At the end of the 60s, the young playwright moved to London and for quite a long time earned his living by translating Shakespeare's works, small and rare theatrical roles. Only in 1978 did Shell receive a worthy offer to play in the production of the play "Namearek" by Hoffmannsthal. He performed it at the Salzburg Festival until 1982. In addition, Maximilian Schell continues to focus on directing and staging operas. Many years later, in 2007, he will create the world-famous production of Johann Strauss's operetta "Vienna Blood" in the Austrian city of Mörbisch am See.

Movie

The first film work for Maximilian Schell was the role in the military drama Children, Mother and General. This picture turned out to be successful, and eminent directors began to invite the actor who played the deserter. The next films were: - Melodrama "Girl from Flanders" 1956; - the crime drama "And the Last Will Be the First" in 1957; - the war drama "Young Lions" in 1958 with Marlon Brando - "The Three Musketeers" (1960).

In 1960, Shell played Hamlet in a television play based on Shakespeare's play of the same name. His performance as Prince of Denmark is considered one of the best, along with the work of Laurence Olivier.

In 1960, Maximillian Schell also gets the role of Nazi lawyer Hans Rolf in the legal film The Nuremberg Trials. He works with renowned artists such as Bert Lancaster, Marlene Dietrich, Spencer Tracy, Richard Widmark and Judy Garland. It was for this tape in 1962 M. Shell receives two of its main awards - the Oscars and the Golden Globes. The picture brought him worldwide fame. Film critics were impressed by the actor's performance. In preparation for the film, Schell reread the vast amount of available documents from the Nuremberg Trials.

Several years after the Oscars, M. Schell cannot repeat the success and balances between culturally valuable, but low-budget films and second-rate commercial projects. During this period, films were created:

  • "Topkapi" 1964,
  • "Suicide Case" 1966,
  • "Death on the volcano Krakatoa" 1969,
  • Simon Bolivar (1969),
  • The Players (1979)

With royalties from the films, Shell created his own directorial productions. Of all his works, the most famous are:

  • the melodramatic film "First Love", which appeared on the screens in 1970;
  • drama "Pedestrian" (1974),
  • drama "Judge and Executioner" (1975),
  • the documentary film "Marlene" (1984), in which Shell works as a documentary filmmaker.

A very personal work for the Austrian director was the film "My Sister Maria", which he dedicated to his own sister Maria Schell. For this work, the brother and sister were awarded the prestigious Bambi television award.

Schell's next major successes were roles in the drama films The Man in the Glass Booth (1975) and Julia (1977).
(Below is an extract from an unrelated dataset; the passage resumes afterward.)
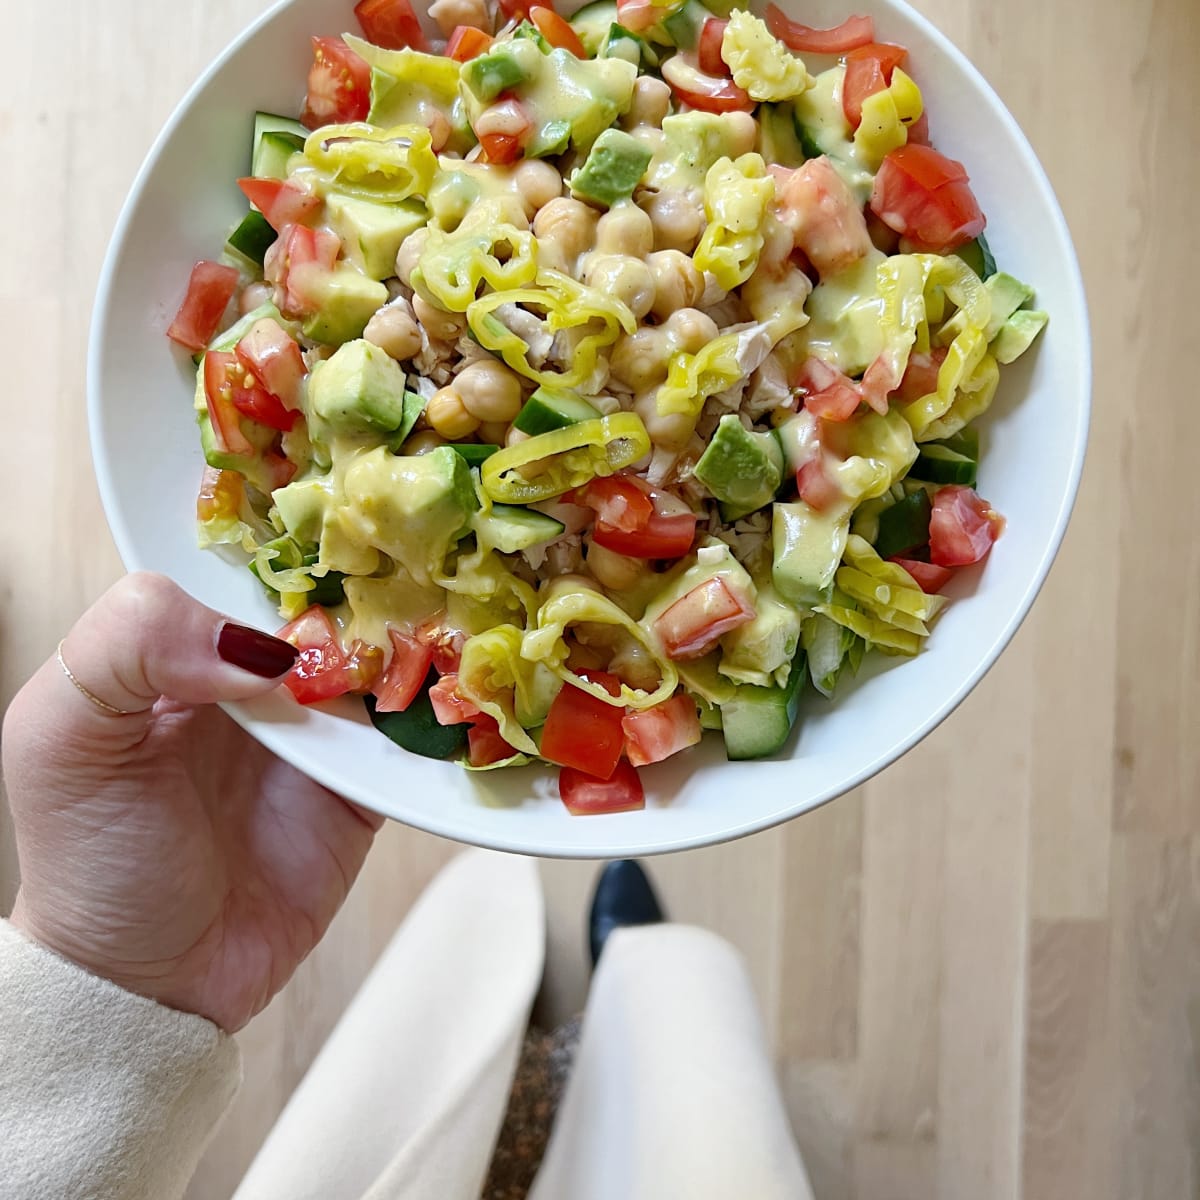 My Everyday Chopped Salad Recipe - Lexi's Clean Kitchen

For both films, the actor was nominated for an Academy Award for Best Actor and Best Actor. second plan.

The last film by Maximilian Schell, shown on the screens, was the crime drama "The Robbers". Viewers saw her in 2015 - after the death of the actor.

A family

M. Schell was married twice. For the first time, an actor went to the altar with the popular Soviet actress Natalya Andreichenko. The celebrities met in 1985 during the filming of the mini-series "Peter the Great", which took place in Russia. The lovers got married in 1986, and in 1989 they had a daughter, Nastasya. Maximilian also adopted Natalia's son from Dmitry's first marriage. In 2005, the relationship collapses, and the actors get divorced. The initiator was Maximilian, who met a new muse - Elizabeth Mihich - an art critic and gallery owner, originally from Vienna, who is 47 years younger than him. In 2008, Shell struck up a new relationship with the opera singer Iva Mikhanovich. She became his last love. On August 20, 2013, the couple officially registered the relationship - a few months before the death of the actor.

Death

In the last years of his life M. Schell experienced severe pain, it was difficult for him to move. After a complex spinal surgery in February 2014, the actor died in hospital without regaining consciousness. He was buried in the Wolfsberg district in Austria.